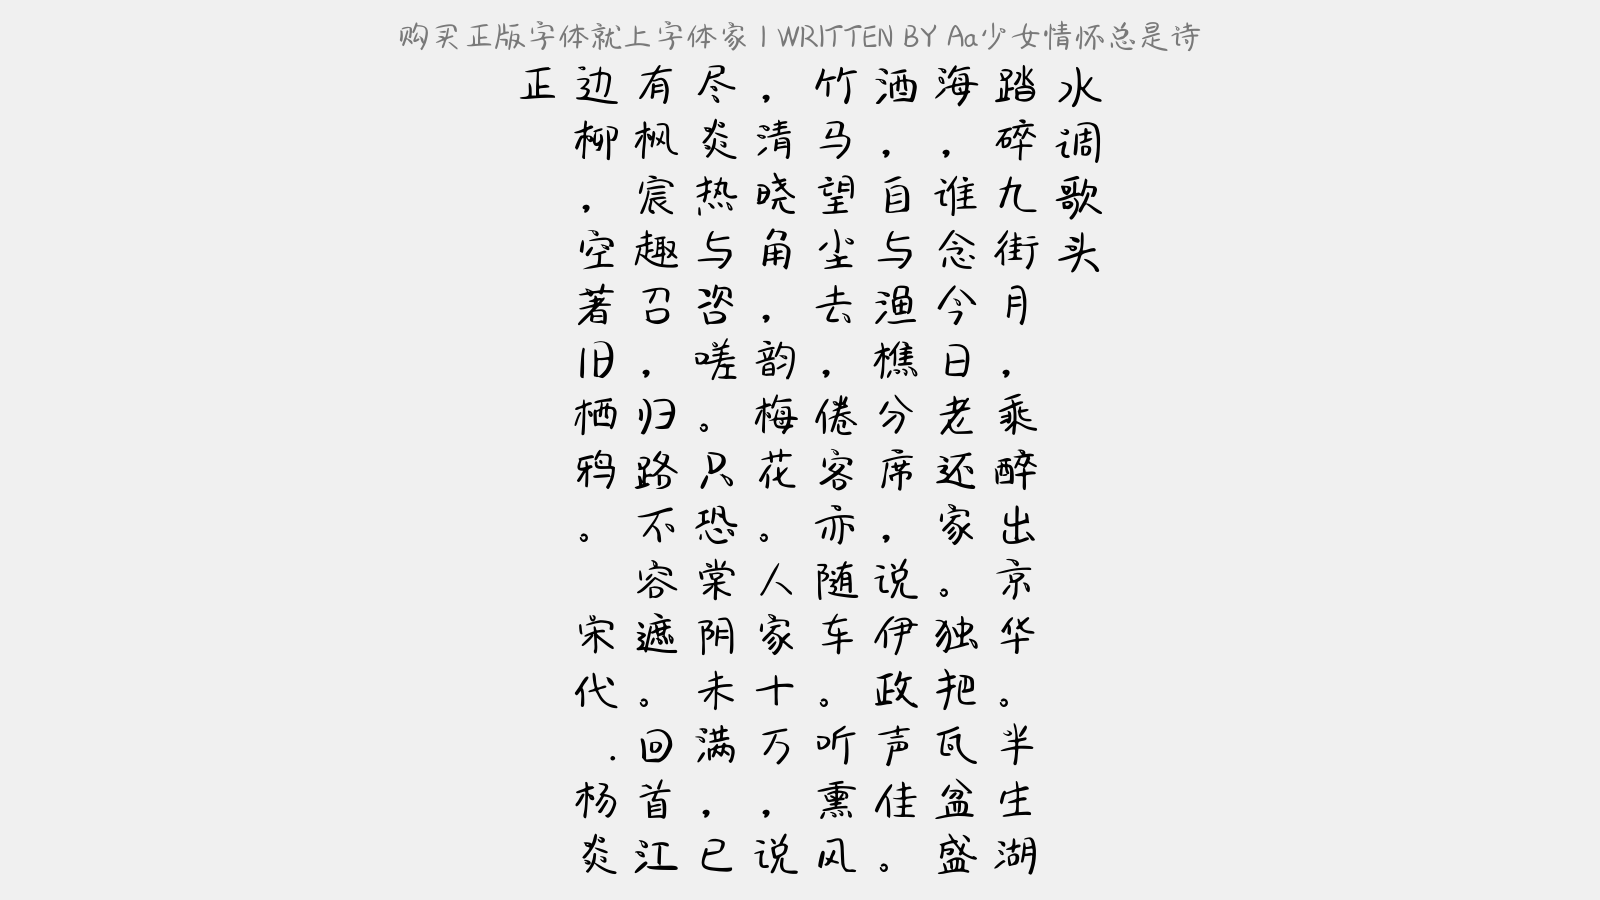 少女情怀总是诗免费字体下载 中文字体免费下载尽在字体家
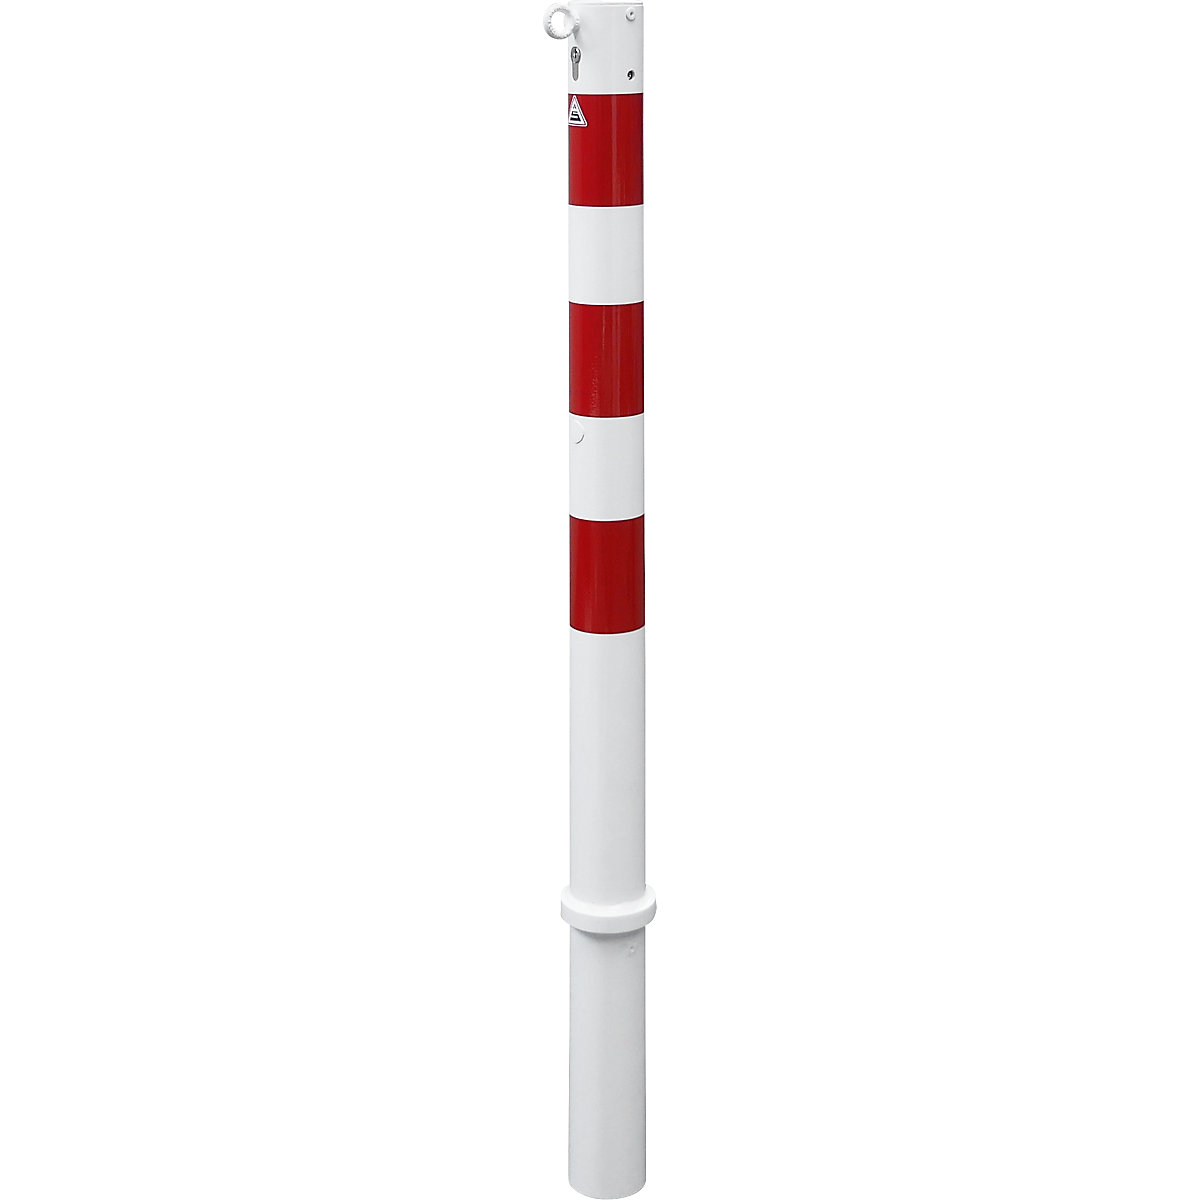 Stupić za ograđivanje, Ø 76 mm, u bijelo / crvenoj boji, s mogućnošću vađenja i profilnim cilindrom, s 1 ušicom
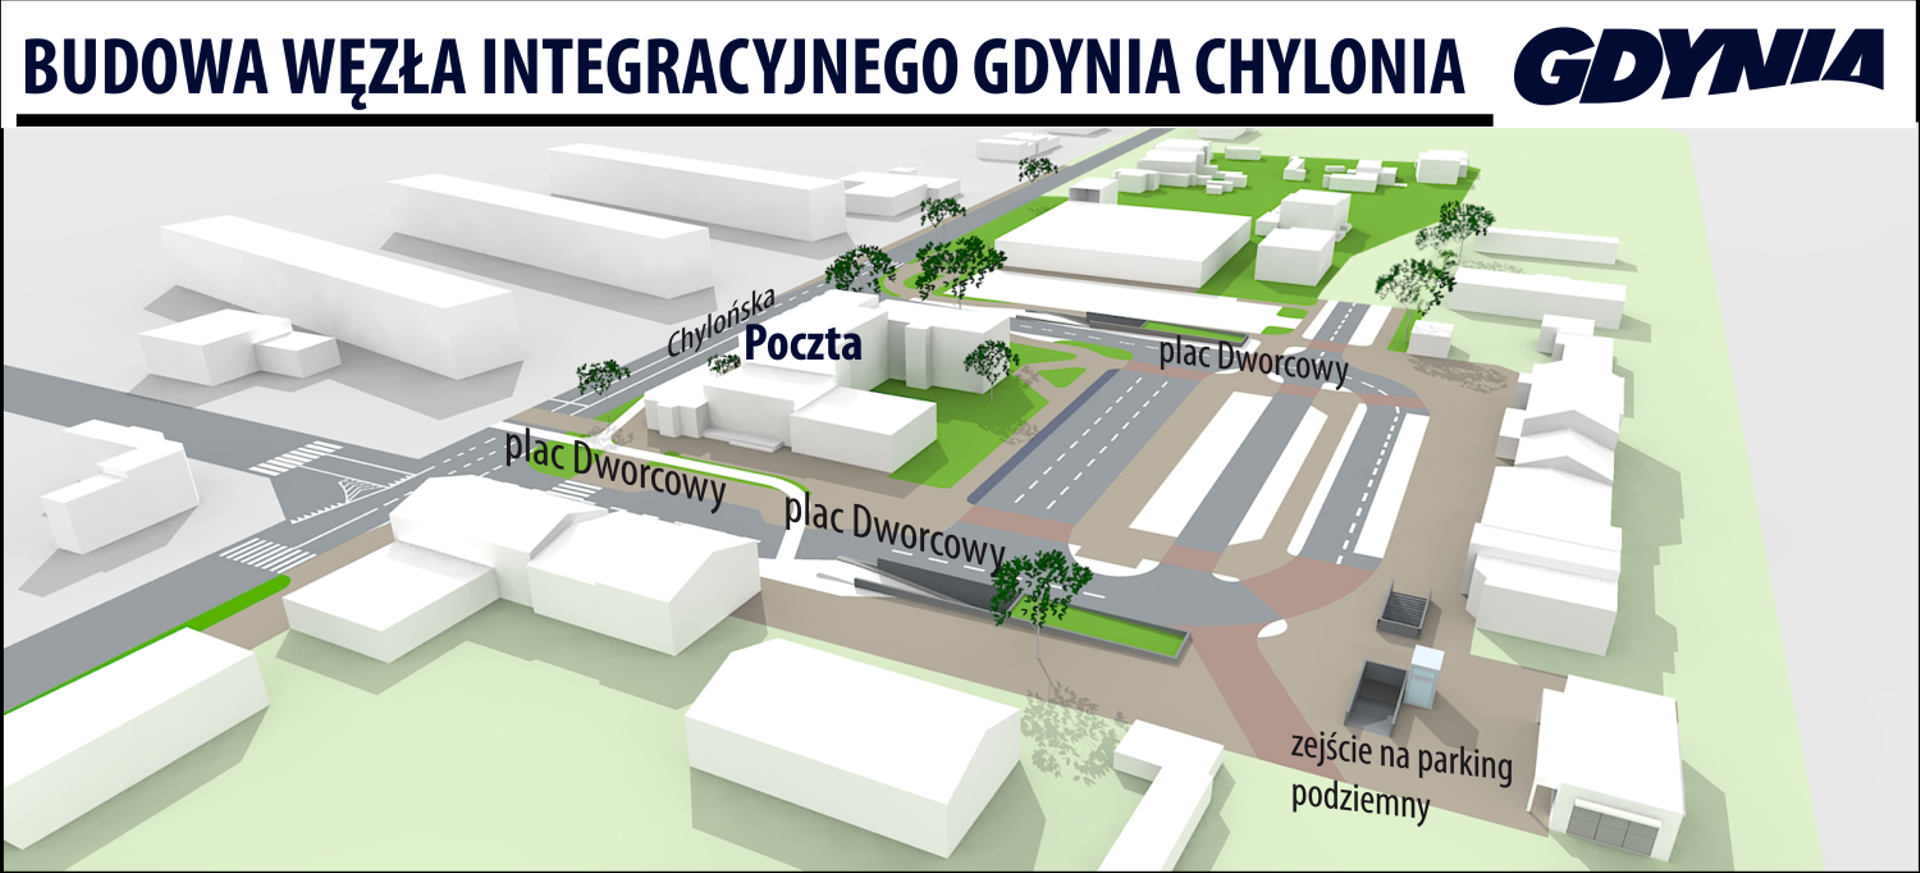  Budowa węzła integracyjnego w Gdyni-Chyloni weszła w kolejną fazę

_Exercise prompt:_
Leave every picture out and set down exactly the lines running from the one with "Stupić za ograđivanje, Ø" to the last line of the material above.

_The completed task:_
 Stupić za ograđivanje, Ø 76 mm, u bijelo / crvenoj boji, s mogućnošću vađenja i profilnim cilindrom, s 1 ušicom
  Budowa węzła integracyjnego w Gdyni-Chyloni weszła w kolejną fazę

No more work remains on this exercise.